Symptom: Browser opens but session not authenticated Root Cause:
  • Cookie domain mismatch
  • Cookie expired
  • SameSite restrictions
  • HTTPS required for Secure cookies
Diagnosis: Check extracted cookies: 
cat cuddle_abc123.json | jq '.cookies[] | {name, domain, secure, sameSite}'
Solution: Domain Mismatch: Ensure you’re navigating to correct domain that matches cookie: 
// Cookie has domain: ".example.com"
// Must navigate to: https://example.com or https://app.example.com
Expired Cookies: Extract credentials immediately after authentication, before timeout. Secure Cookies: Always use HTTPS when replaying sessions with secure cookies.

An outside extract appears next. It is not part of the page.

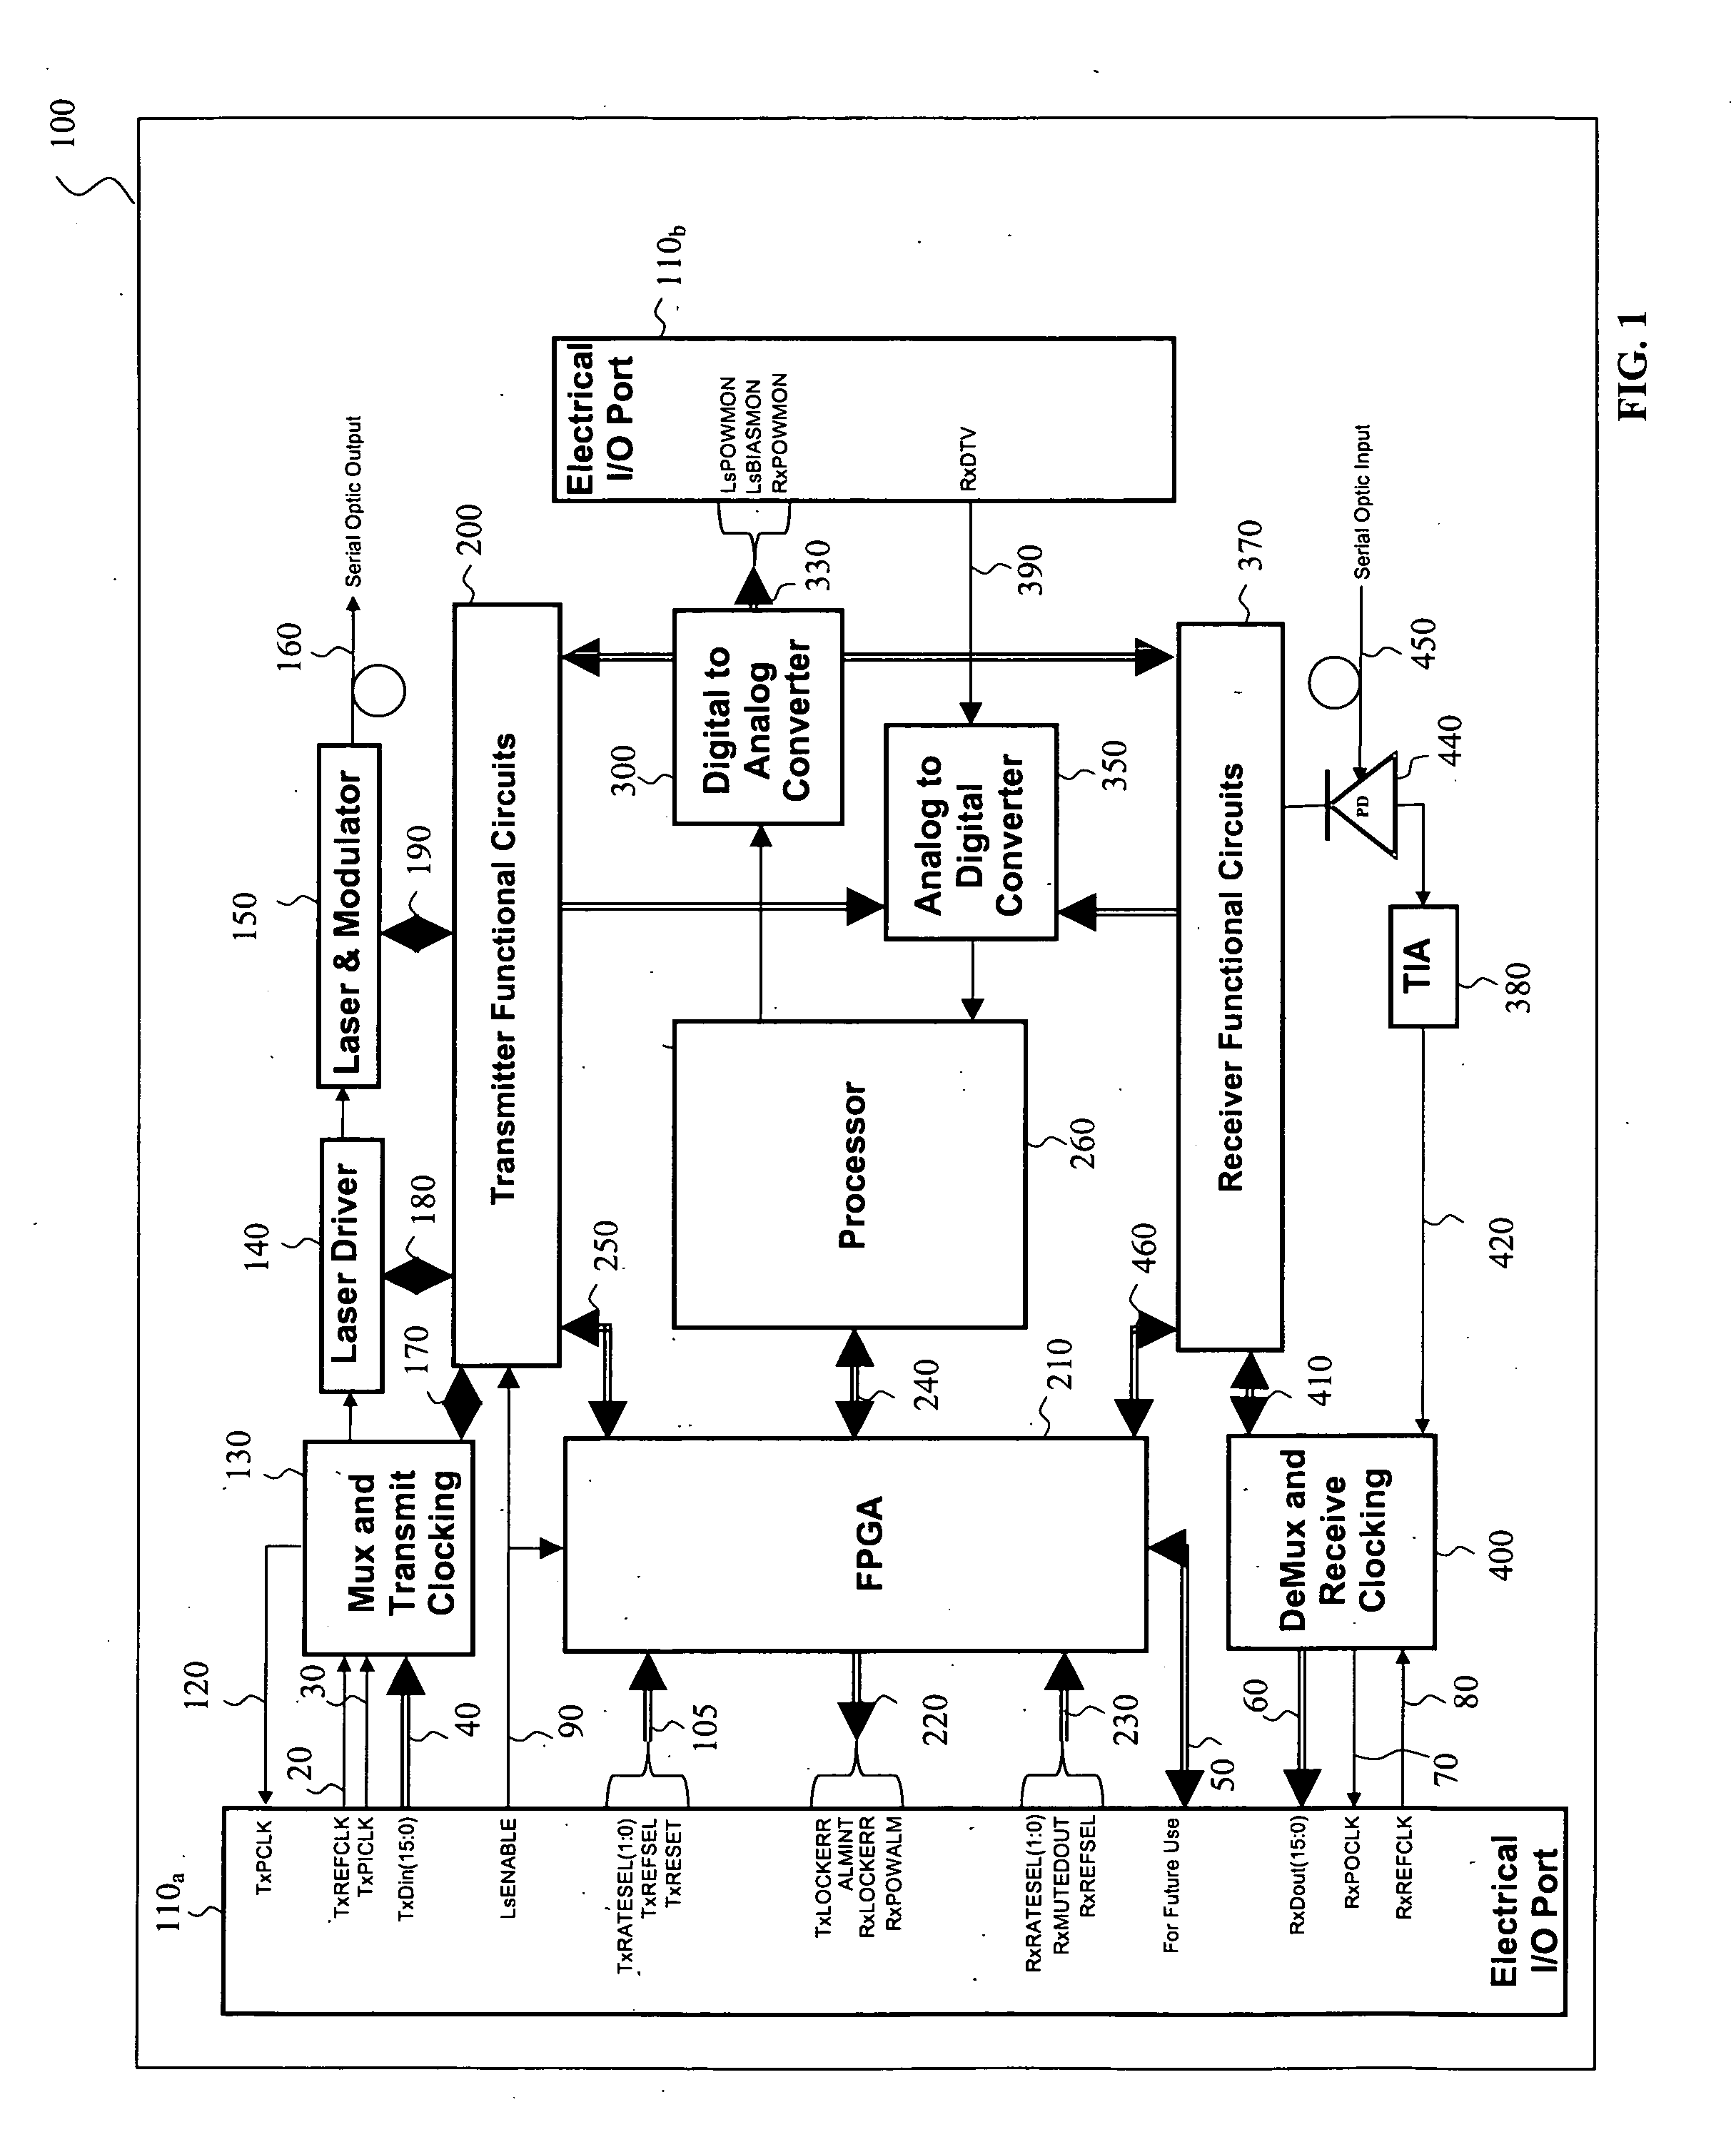 Flexible control and status architecture for optical modules

Issue: Browser Extension Not Working

Symptom: Extension fails to extract or inject credentials Root Cause:
  • Debugger permission denied
  • Chrome version incompatibility
  • Target tab not active
Solution: Check permissions: 
// In manifest.json
"permissions": [
  "activeTab",
  "debugger"
]
Reload extension:
  1. Navigate to chrome://extensions/
  2. Toggle extension off and back on
  3. Refresh target page
Ensure tab is active: Extension only works on the currently active tab.

Installation Issues

Issue: npm install Fails

Symptom: Errors during npm install Common Errors: “puppeteer download failed” 
# Set proxy if behind firewall
npm config set proxy http://proxy:8080
npm config set https-proxy http://proxy:8080

# Or skip Chromium download and use system Chrome
npm install --ignore-scripts
“node-gyp build failed” 
# Install build tools
sudo apt install -y build-essential python3

Issue: Docker Build Fails

Symptom: Caddy Docker build errors Solution: Check Docker installation: 
sudo docker --version
sudo docker ps
Verify Dockerfile syntax: 
cd /path/to/cuddlephish
cat Dockerfile
Try alternate DNS provider: If Gandi plugin fails, try Cloudflare: 
RUN xcaddy build \
    --with github.com/caddy-dns/cloudflare

Platform-Specific Issues

Kali Linux

Issue: Missing libraries for Chrome Solution: Uncomment the Kali-specific line in install_deps.sh: 
sudo apt install -y libx11-xcb1 libxcomposite1 ... [full line]

ARM Architecture

Issue: Puppeteer fails to download Chromium Root Cause: Official Chromium builds not available for ARM Workaround: 
# Install system Chromium
sudo apt install -y chromium-browser

# Configure Puppeteer to use system Chrome
export PUPPETEER_SKIP_CHROMIUM_DOWNLOAD=true
export PUPPETEER_EXECUTABLE_PATH=/usr/bin/chromium-browser
Feature Loss: Using system Chromium on ARM loses puppeteer-extra stealth features and may be detectable as automation.

Getting Help

If issues persist after following this guide:
  1. Gather diagnostic information:
    • Server console output (full logs)
    • Browser DevTools console errors
    • Network tab showing WebSocket and WebRTC connections
    • config.json and targets.json (redact sensitive data)
    • Steps to consistently reproduce the issue
  2. Check existing issues:
  3. Open a detailed issue:
    • Provide all diagnostic information
    • Describe expected vs. actual behavior
    • Include reproduction steps
    • Specify your platform and versions
Issue Quality: Well-documented issues with reproduction steps receive faster responses than vague “it doesn’t work” reports.